--- STORED DATA Enclosed Below ---
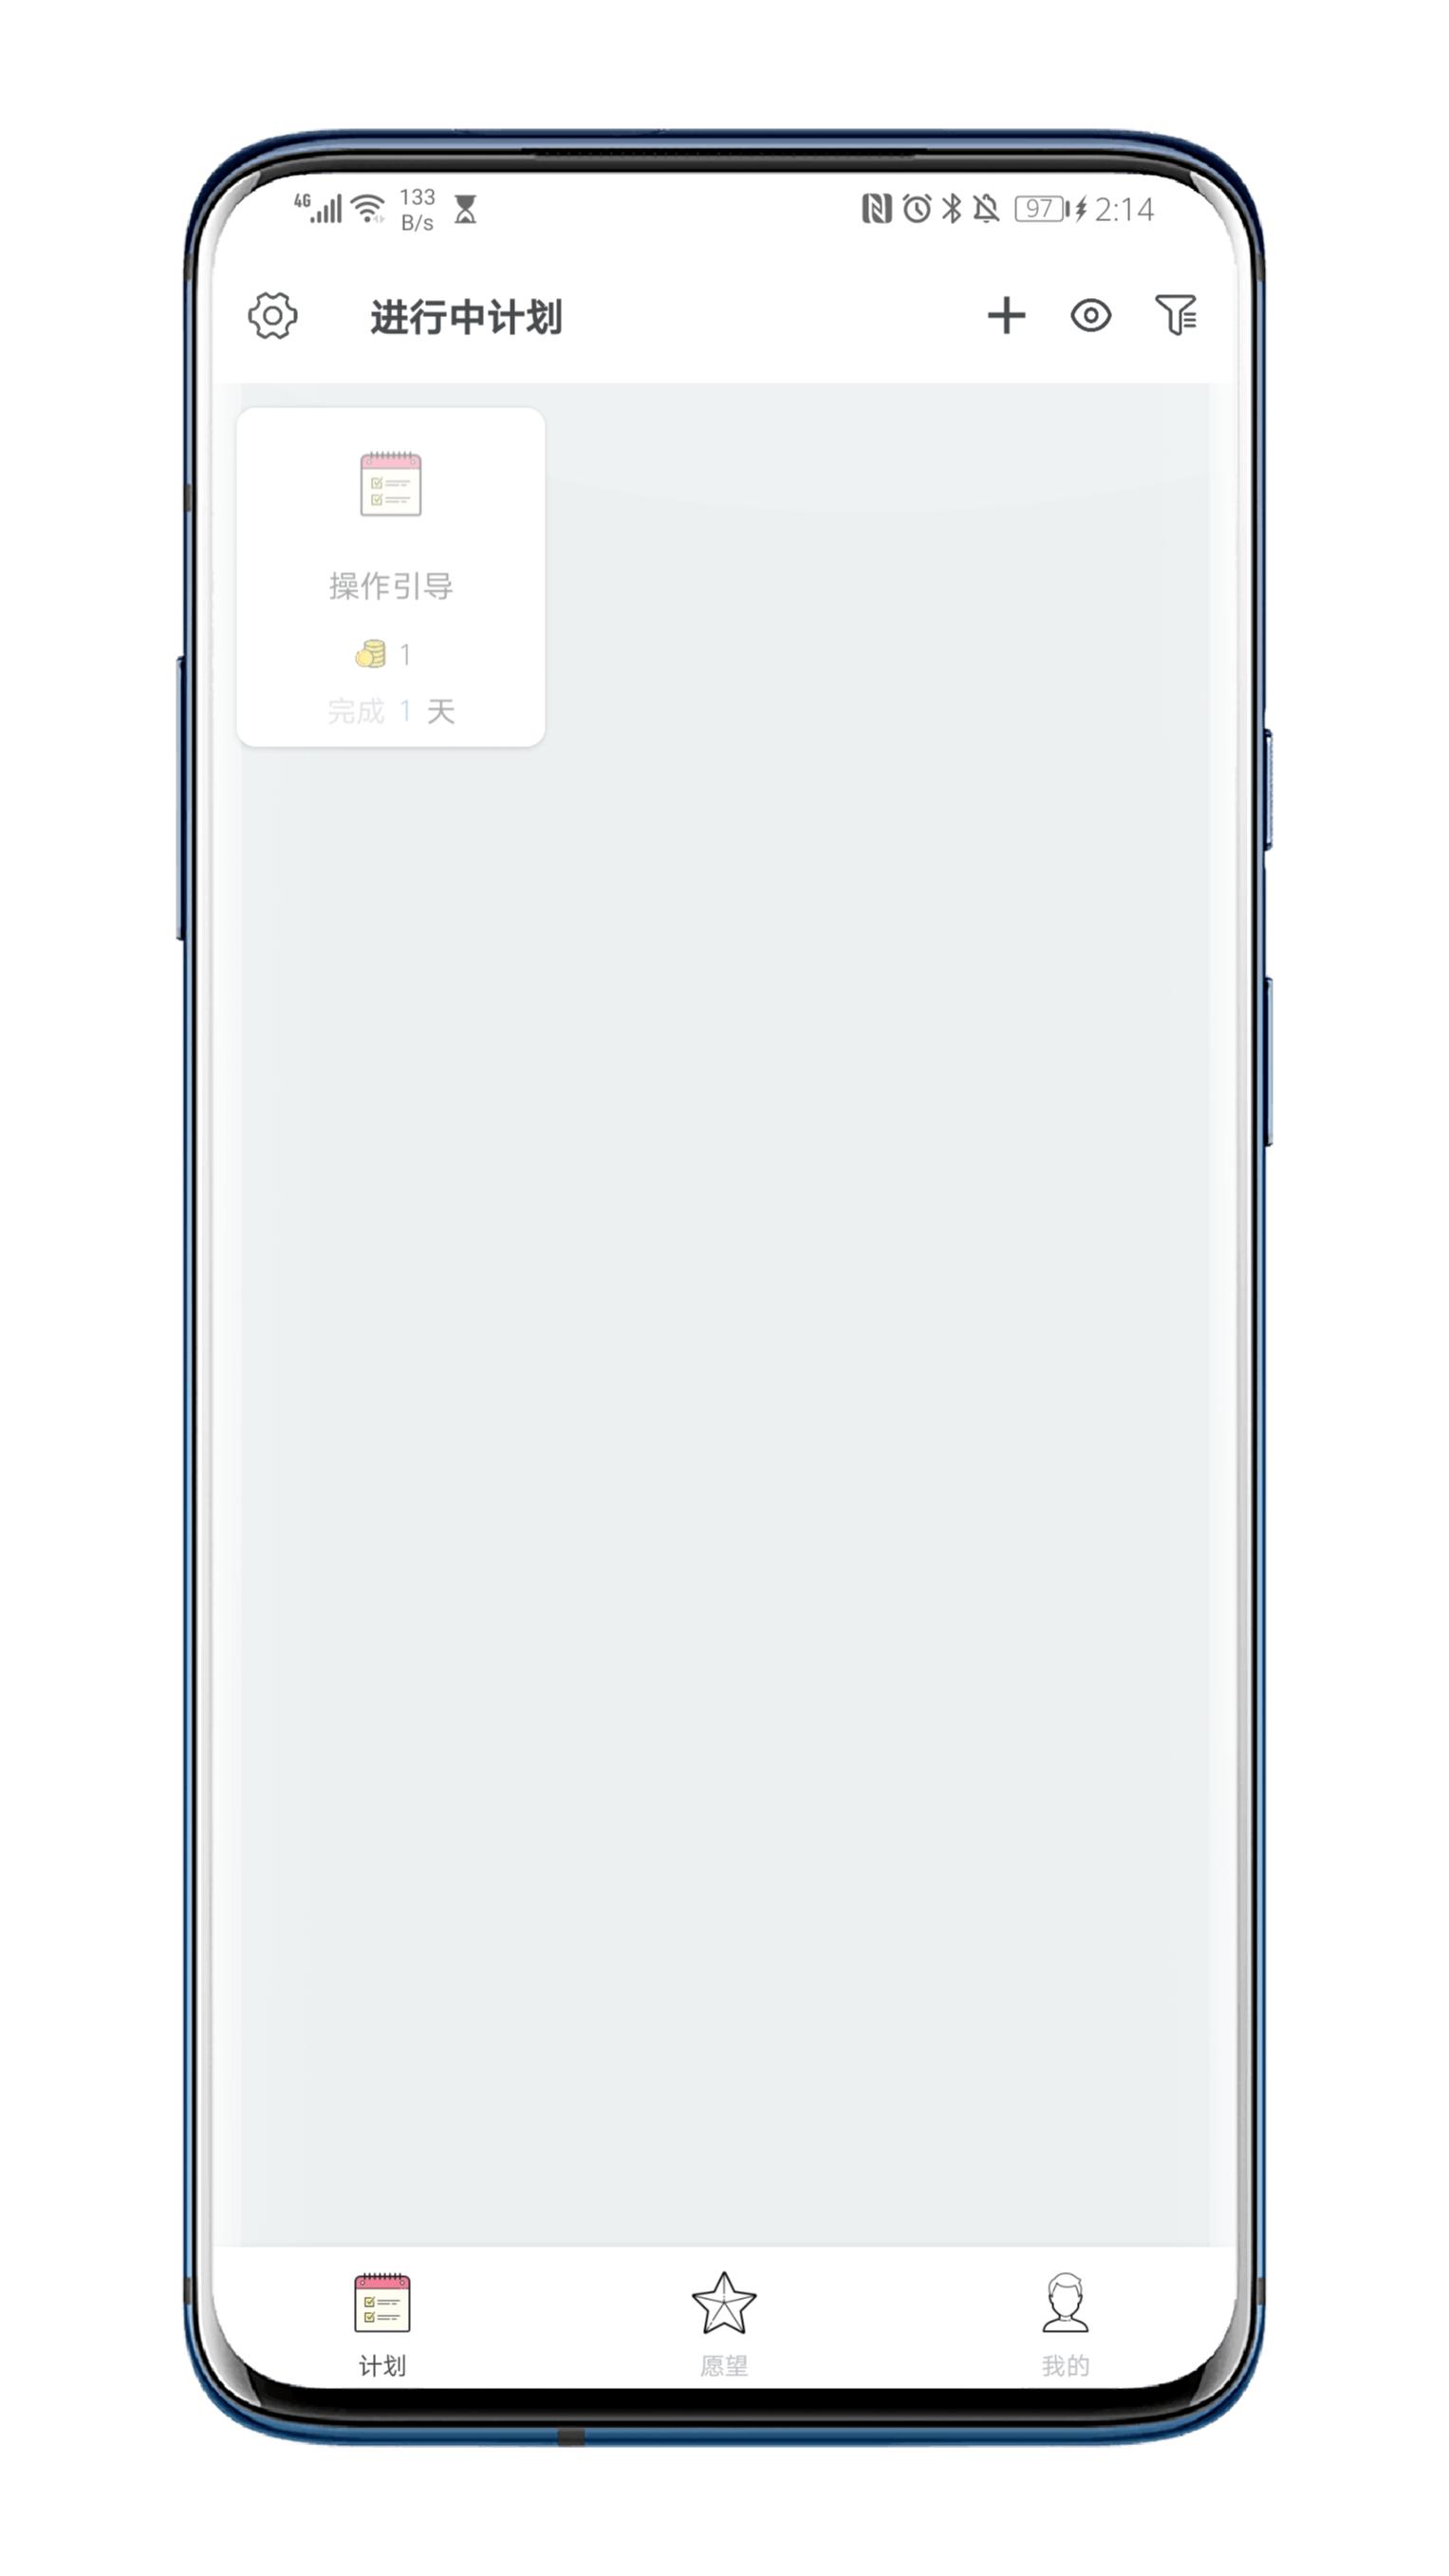 ★★鱼朵分享★★趣味计划V1.9打卡与习惯养成
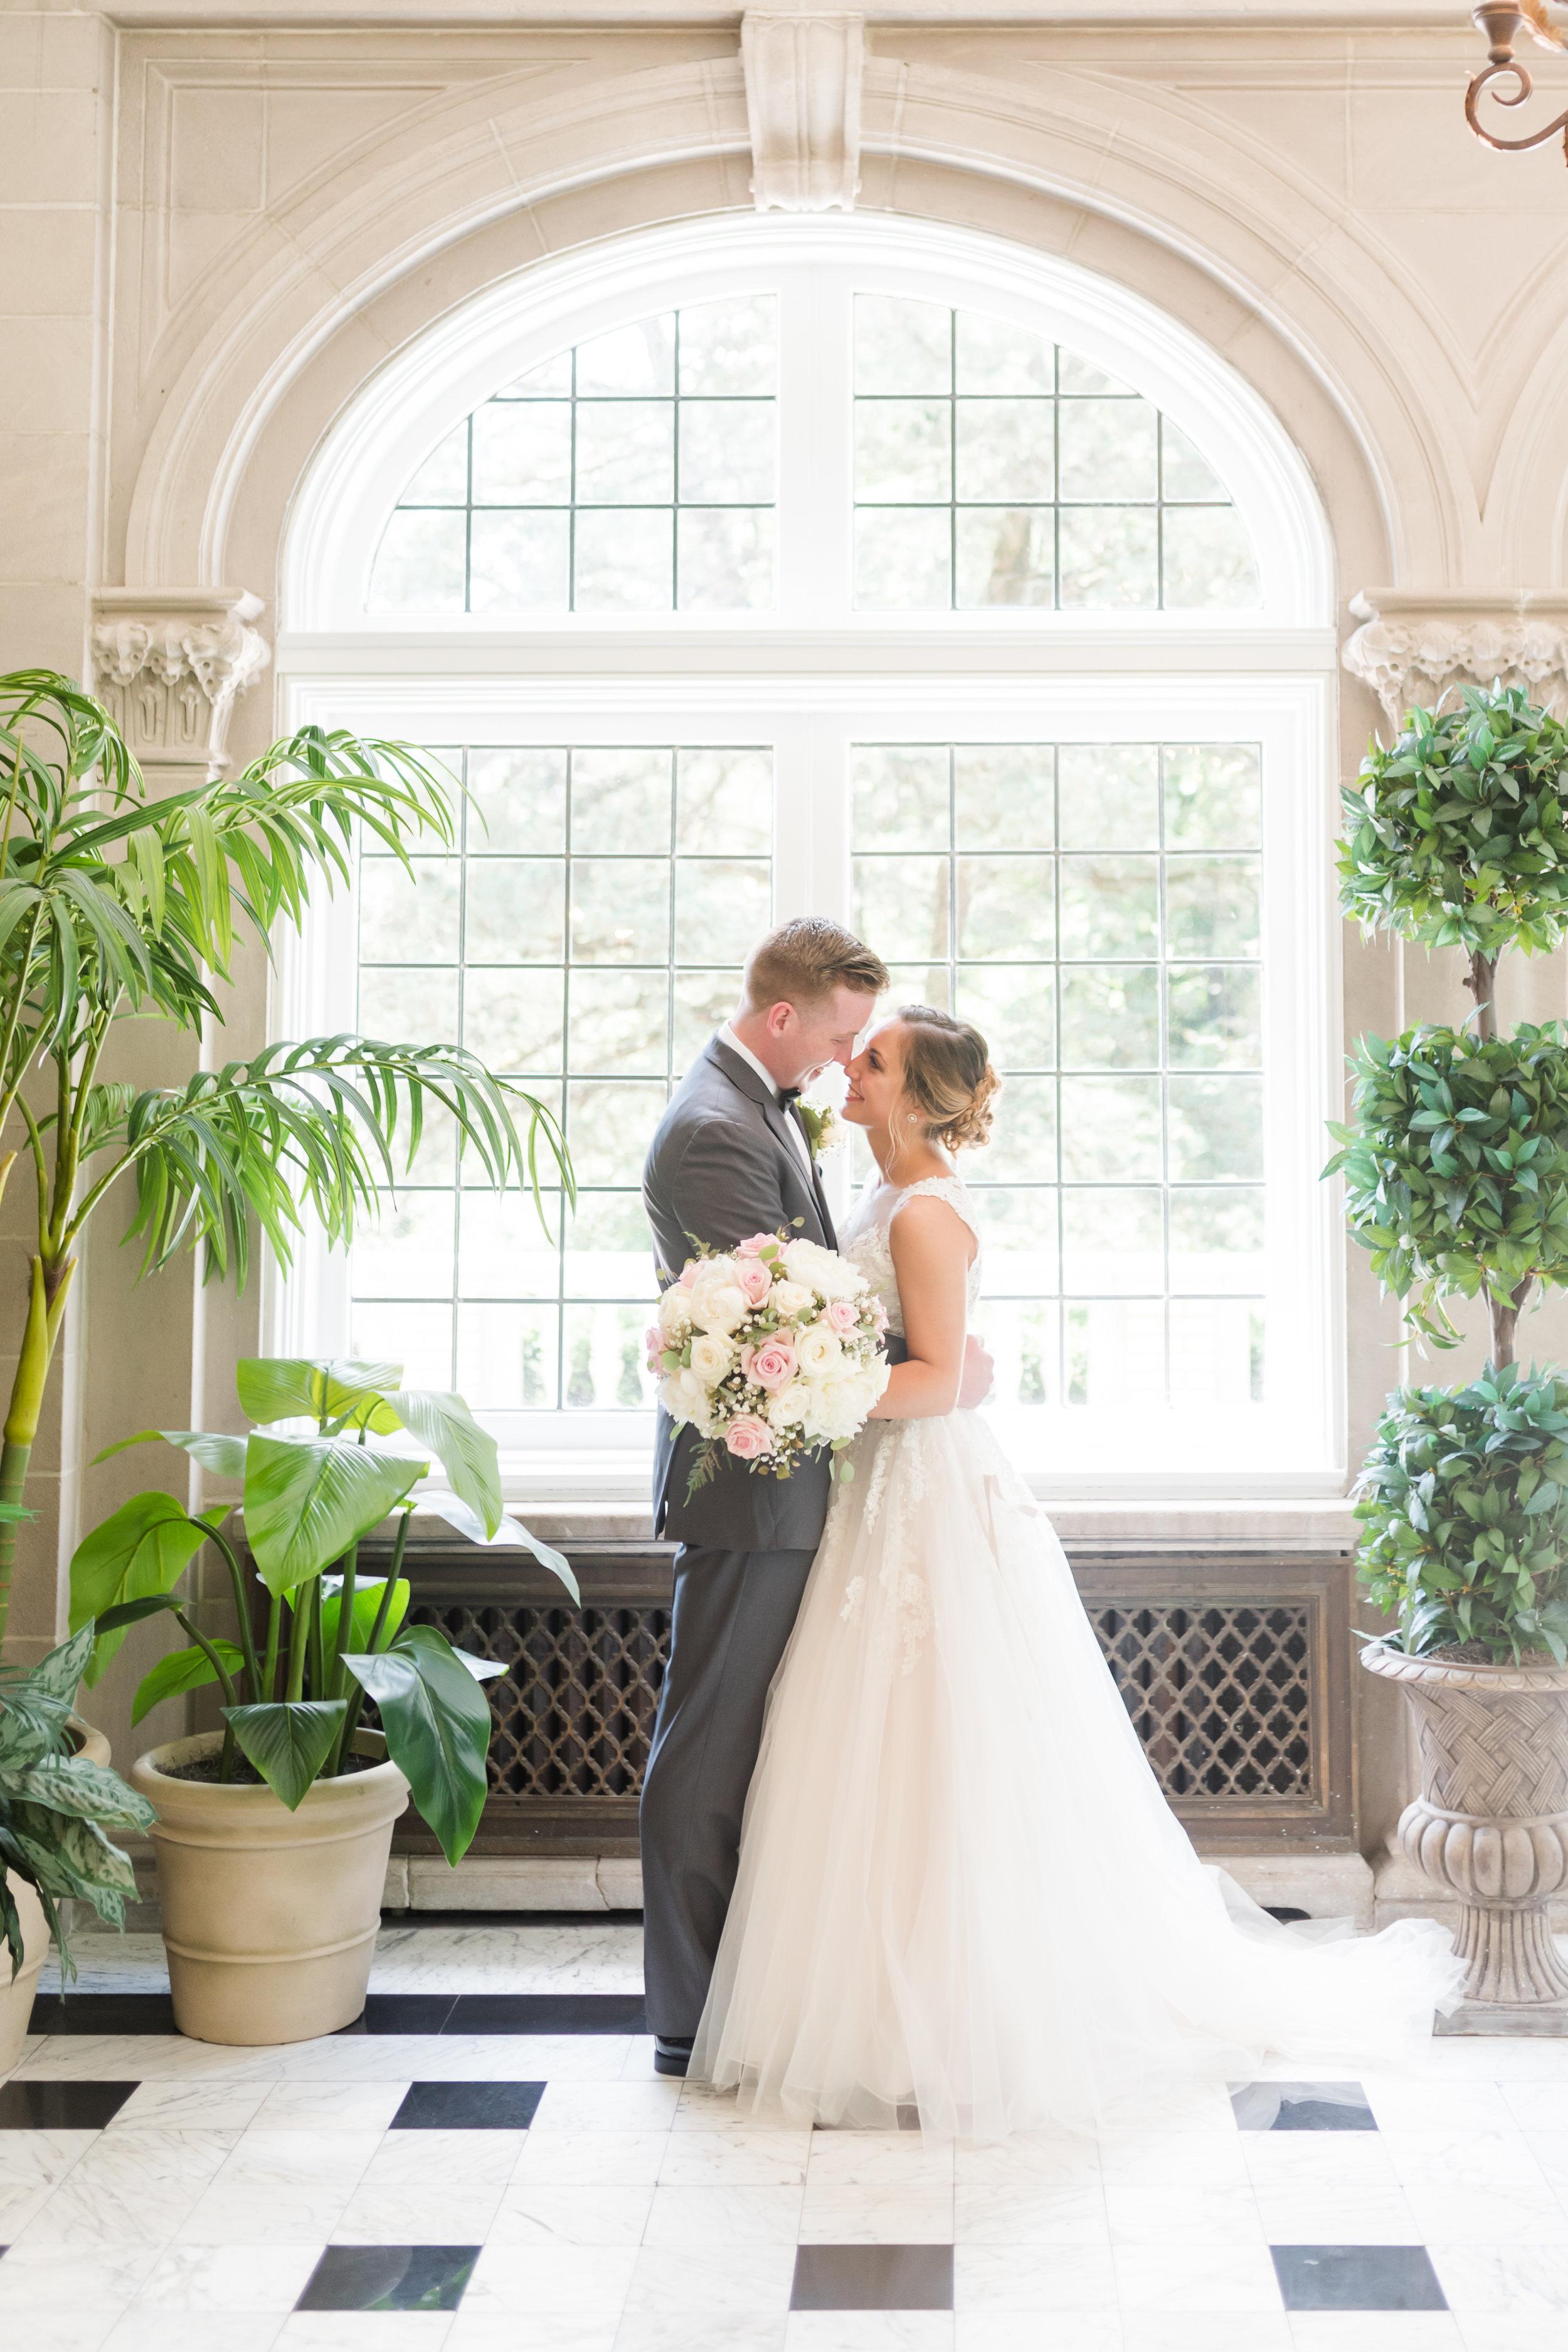 Historic Wedding Venues in Indianapolis
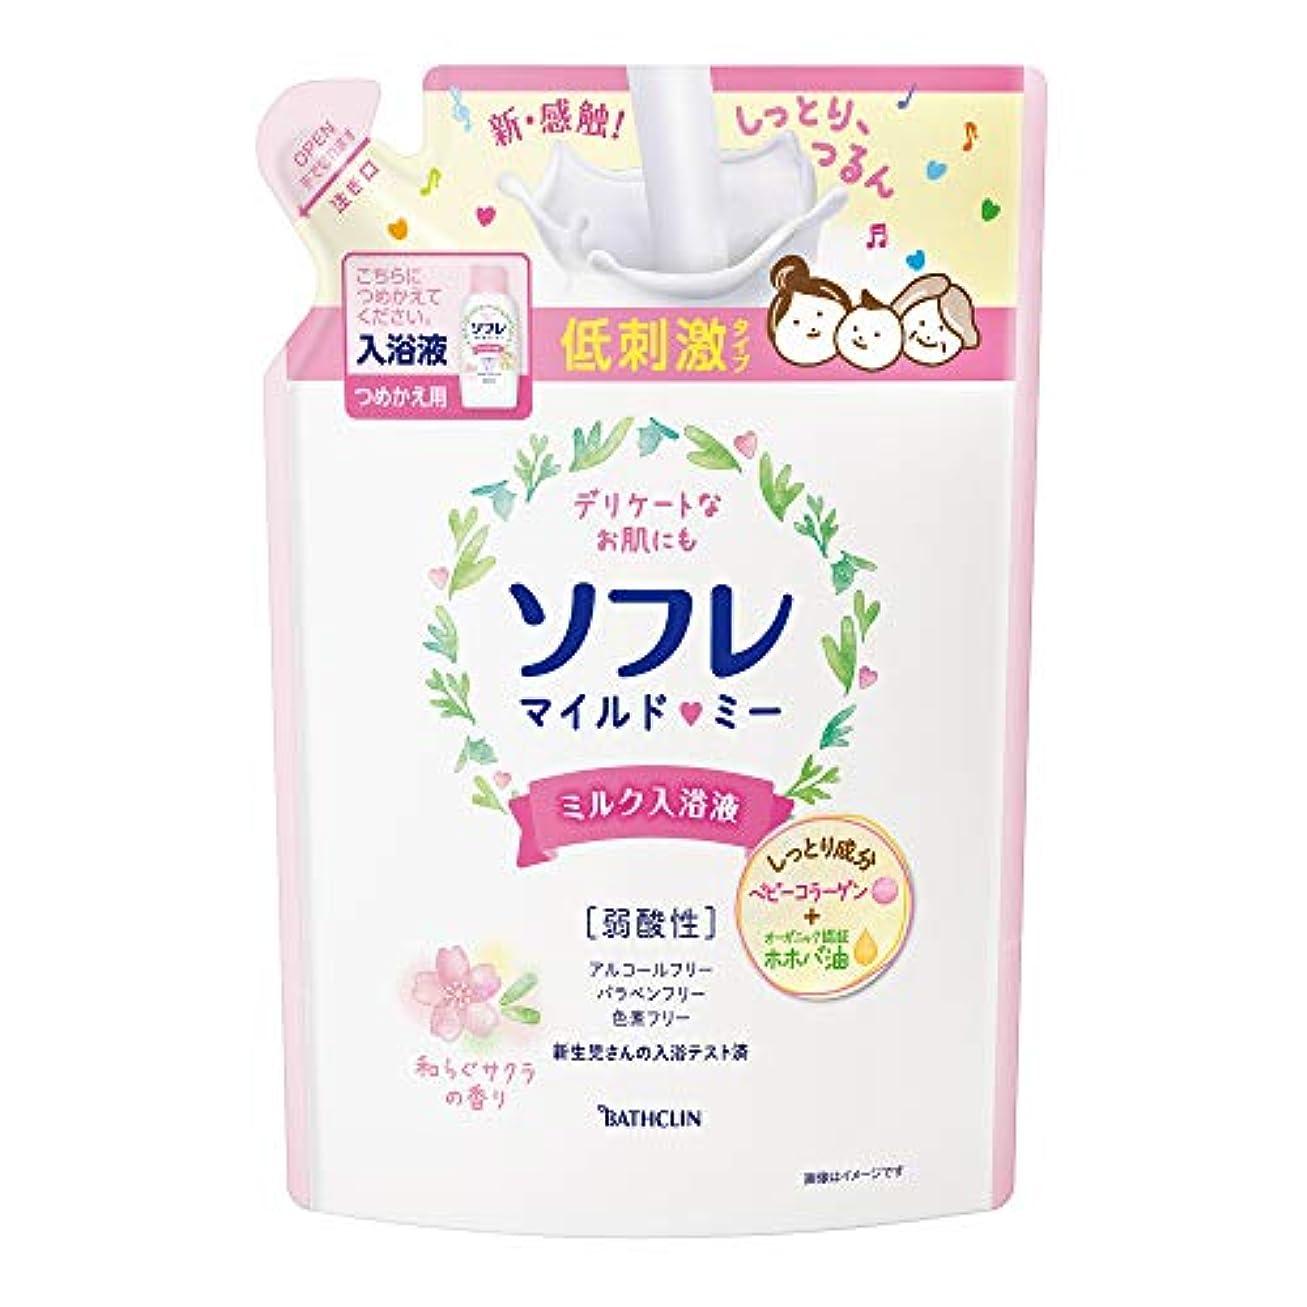 伝染病差し引く任命するバスクリン ソフレ入浴液 マイルド?ミー ミルク 和らぐサクラの香り つめかえ用 600mL保湿 成分配合 赤ちゃんと一緒に使えます。
--- End of Enclosed STORED DATA ---
EXERCISE REQUIREMENTS:
Give back the full listing exactly as written, only without its pictures.

OUTPUT BELOW:
 ★★鱼朵分享★★趣味计划V1.9打卡与习惯养成
 Historic Wedding Venues in Indianapolis
 伝染病差し引く任命するバスクリン ソフレ入浴液 マイルド?ミー ミルク 和らぐサクラの香り つめかえ用 600mL保湿 成分配合 赤ちゃんと一緒に使えます。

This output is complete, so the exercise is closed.